The Great Indians – Netaji Subhash Chandra Bose..
Subhash Chandra Bose
- Netaji Subhash Chandra Bose (23 January 1897 – 18 August 1945) is one of the most celebrated freedom fighters of India.
- In 1942, he earned the title ‘Netaji’, in Germany by the Indian soldiers of the Azad Hind Fauj.
- Bose is credited with the very famous slogan, “Give me blood, and I shall give you freedom!” as well as “Jai Hind”.
- He is also credited to be the first man to call Mahatma Gandhi “Father of the Nation”, in his address from Singapore.
- In 1919, Bose headed to London to give the Indian Civil Services (ICS) examination and he was selected. Bose, however, resigned from Civil Services as he believed he could not side with the British.
- In 1921, Bose worked under Chittaranjan Das, a powerful politician in Bengal. He worked as the editor for Das’s newspaper, Forward, and later started his own newspaper, Swaraj.
- In 1923, Bose was elected the President of the All India Youth Congress and also the Secretary of Bengal State Congress.

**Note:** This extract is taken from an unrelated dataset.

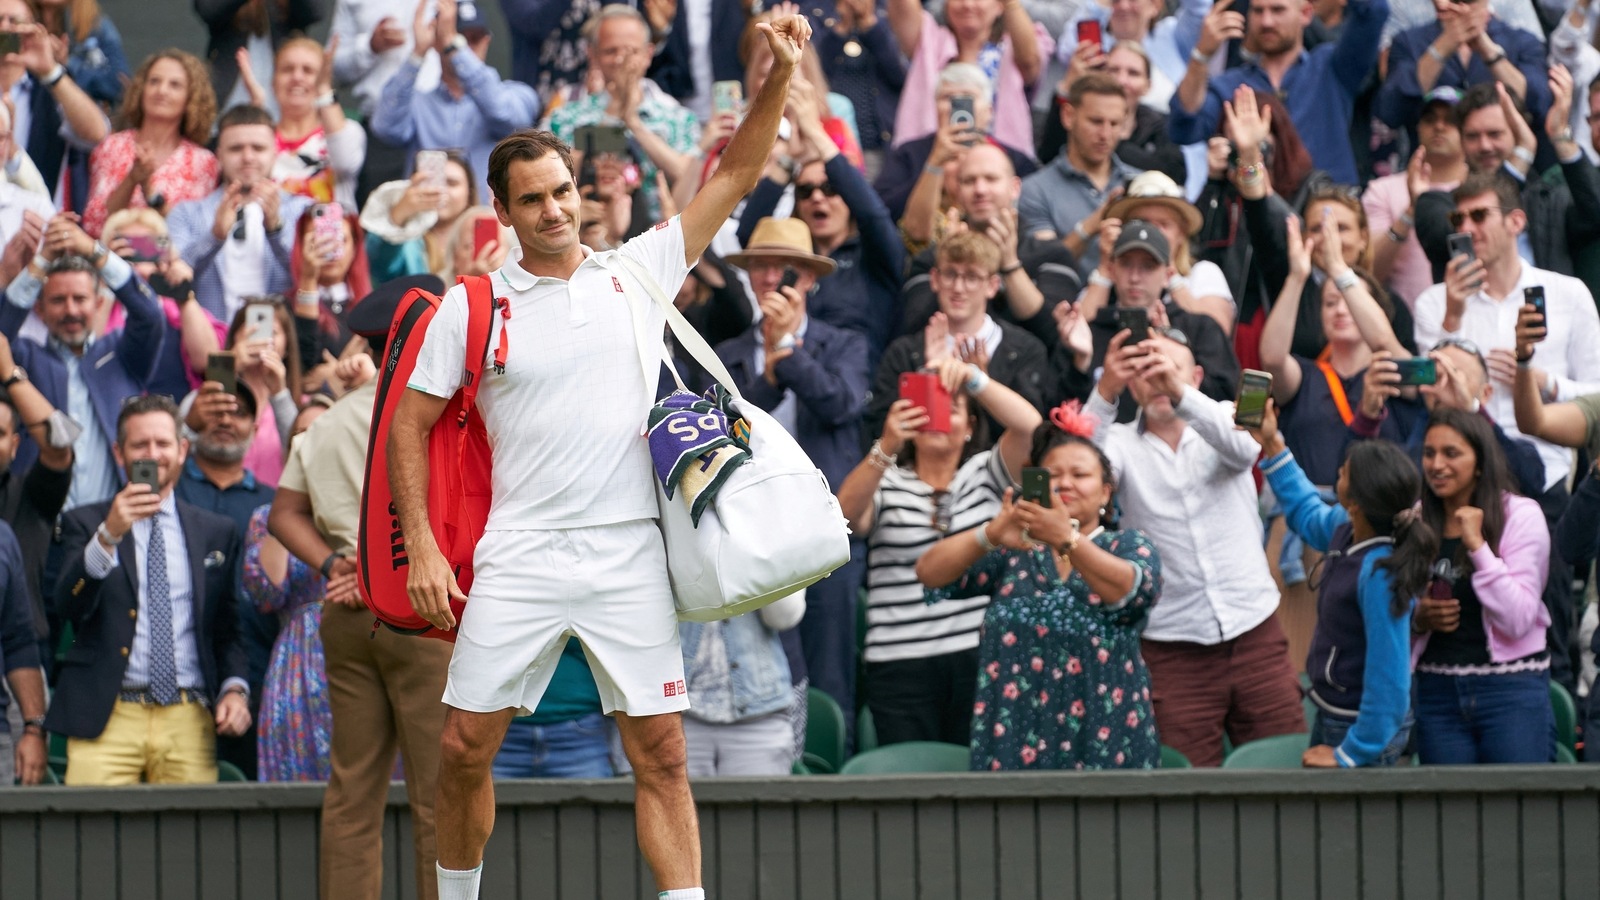 never-thought-i-would-say-this-but-six-months-ago-roger-federer-reveals-future-plans-after-retirement-announcement

- During the mid-1930s Bose travelled in Europe. He researched and wrote the first part of his book, The Indian Struggle, which covered the country’s independence movement in the years 1920–1934.
- After his return, Bose took over as the elected President of Indian National Congress in 1938 (Haripur) and stood for unqualified Swaraj (self-governance) and the use of force against the British which then combated against Mahatma Gandhi and his views.
- Bose was re-elected in 1939 (Tripuri) but soon resigned from the presidency and formed the All India Forward Bloc, a faction within the Congress which aimed at consolidating the political left.
- In 1943, he travelled to Japan and took leadership of the Indian Independence Movement in East Asia. With Japanese aid and influence, he took the leadership of a trained army of about 40,000 troops in Japanese-occupied Southeast Asia known as the Indian National Army.
- The INA was first formed under Mohan Singh and Japanese Major Iwaichi Fujiwara and comprised Indian prisoners of war of the British-Indian Army captured by Japan in the Malayan (present-day Malaysia) campaign and at Singapore.
- The troops of the INA were under the aegis of a provisional government, the Azad Hind Government, which came to produce its own currency, postage stamps, court and civil code, and was recognised by nine Axis states.
- In 1945, the British Indian Army retaliated to the capture of Manipur, Kohima and Imphal by INA and killed almost half of the Japanese forces and the entire participating INA contingent.
- Bose escaped to Manchuria seeking a future in the Soviet Union.
- He is said to have died in 1945 when his plane crashed in Taiwan. However, there are still many conspiracy theories regarding his death.